Beryl Collier 1928-2009
There were times when Beryl Collier, an obstetrician on the Central Coast, could be vague and frustrating, such as the time when patient records were disappearing from her practice. Eventually, the records were found in her capacious and always untidy carry bag.
However unorthodox her filing methods, though, her warm smile and calm, confident manner endeared her to patients. One of the privileges for anaesthetists who worked with her was to see her joy every time she delivered a baby, after which she and anaesthetist would continue discussions about The Goons, My Word, My Music, Dr Who or sport.
Beryl Collier, who has died aged 81, was born in Sydney, one of two daughters of Keith Collier and his wife, Nora Archer. Keith died at 49, leaving Nora to raise the children.
Beryl grew up in Lane Cove and went to North Sydney Girls High. She was academically gifted and enjoyed competitive sport, especially tennis and cricket. She then studied medicine at the University of Sydney and, after graduating, moved on to specialise in obstetrics and gynaecology, studying in Australia and Britain. Medicine was still more of a man's world in those days, but she found that her love of sport helped her to fit in.
While Collier was working in Yorkshire she had her moment of fame by delivering the twin children of Enid Truman, the wife of the English fast bowler Freddie Truman. Then, for some years, she was in specialist practice around Australia and Britain, and a medical missionary in New Guinea and Fiji. She eventually settled in Gosford in the early 1970s.
She could be ''stroppy'', even ''really stroppy''. Once she arrived in the operating theatre with her female anaesthetist and female assistant only to discover her male surgeon and anaesthetist colleagues were plotting to ''slip a quick case in ahead of her''. Roundly abusing her colleagues as ''weasels'', she rapidly dispatched them and got on with her surgery.
Outside her medical work, Collier spent many years involved with the Australian Federation of University Women, working towards its aim of the advancement of women and girls to university studies and their careers beyond. She helped to establish the Central Coast Reconciliation Group (under the auspices of the NSW Reconciliation Council) and was named a Significant Woman of the Central Coast for 2004-05.

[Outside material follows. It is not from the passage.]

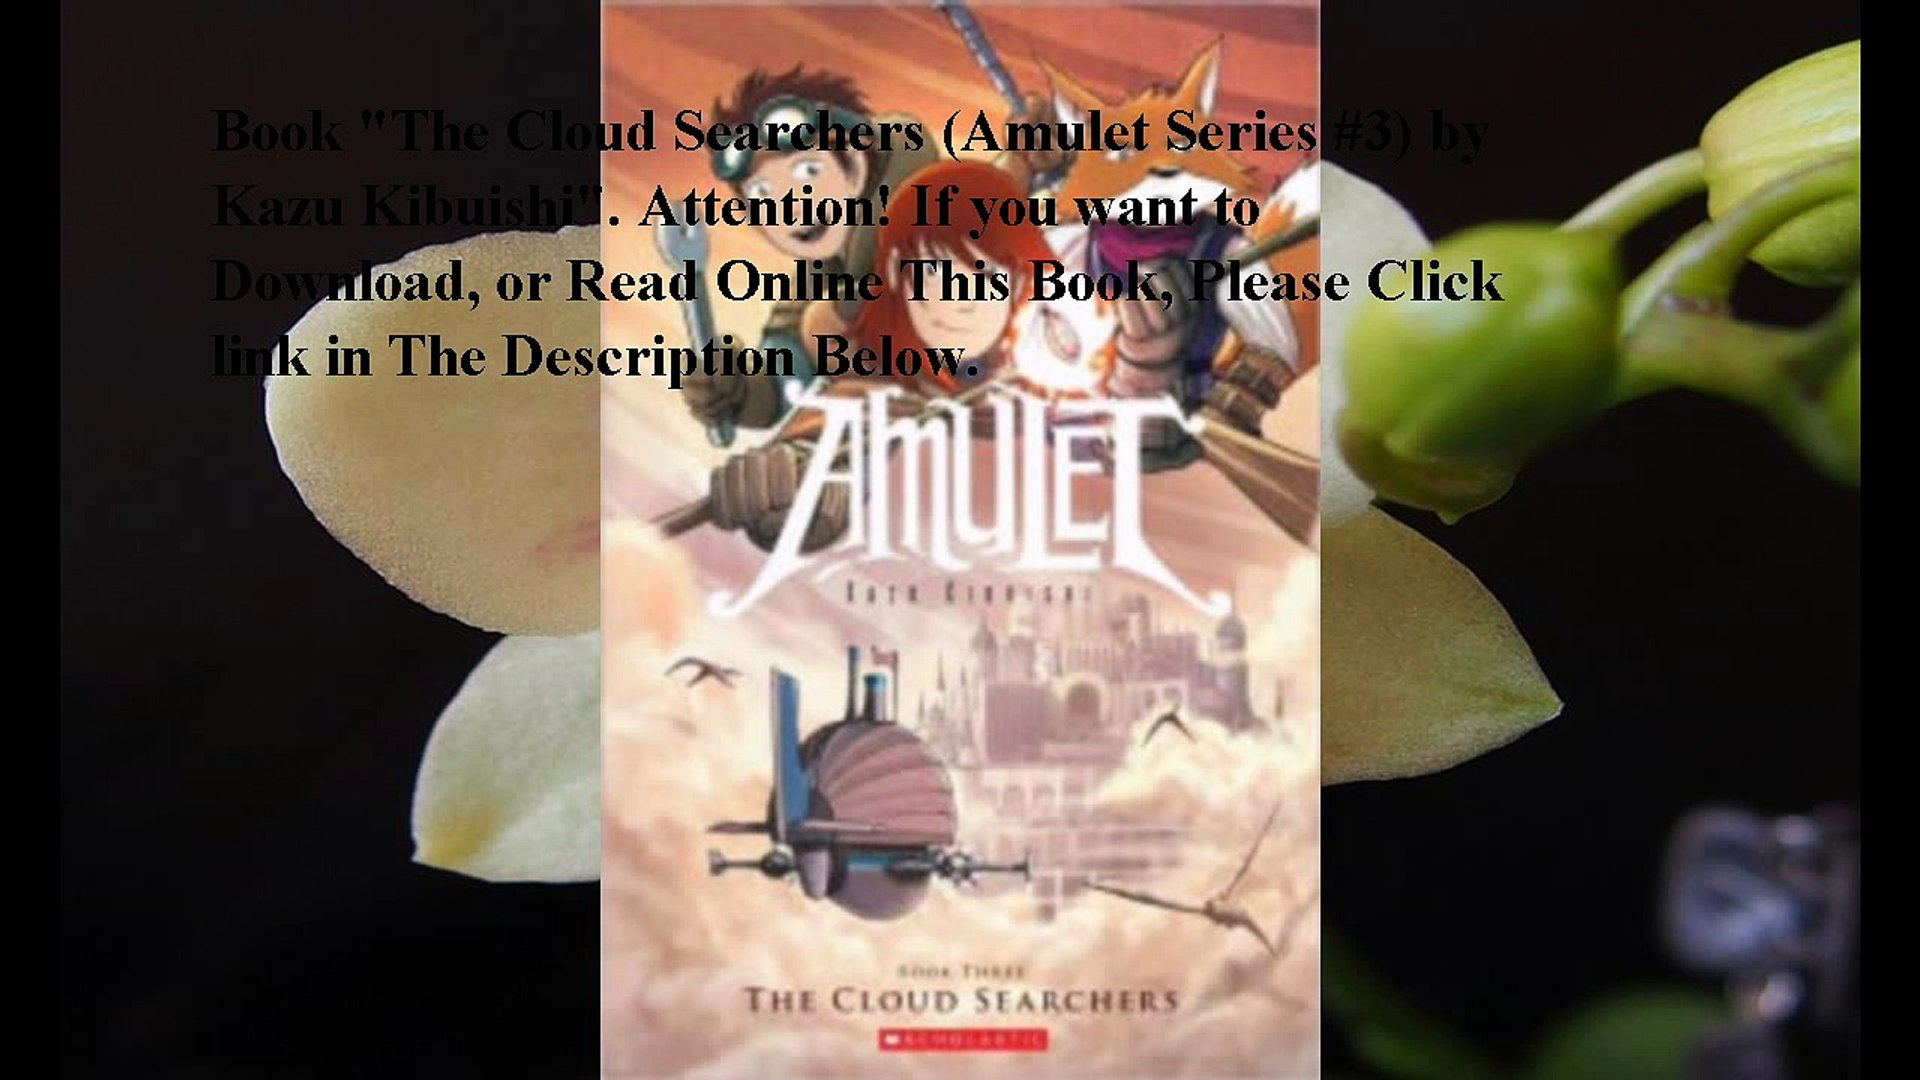 Download The Cloud Searchers (Amulet Series #3) ebook PDF

Collier had a wonderful ability to see beauty in nature, whether it was her budgie Joey, the birds that came to her balcony, the tiny flower on a plant struggling to survive in her garden, a great tree, the surf or a sunset.
Even in her last, terrible illness, a progressive dementia that tormented her, the sense of wonder remained. Only days before she died she smiled and said to a friend, "You know - I really cherish beautiful things."
Beryl Collier never married and her sister, Rae, died many years ago. Her survivors are the many causes, human rights, social justice and reconciliation she fought for over the years.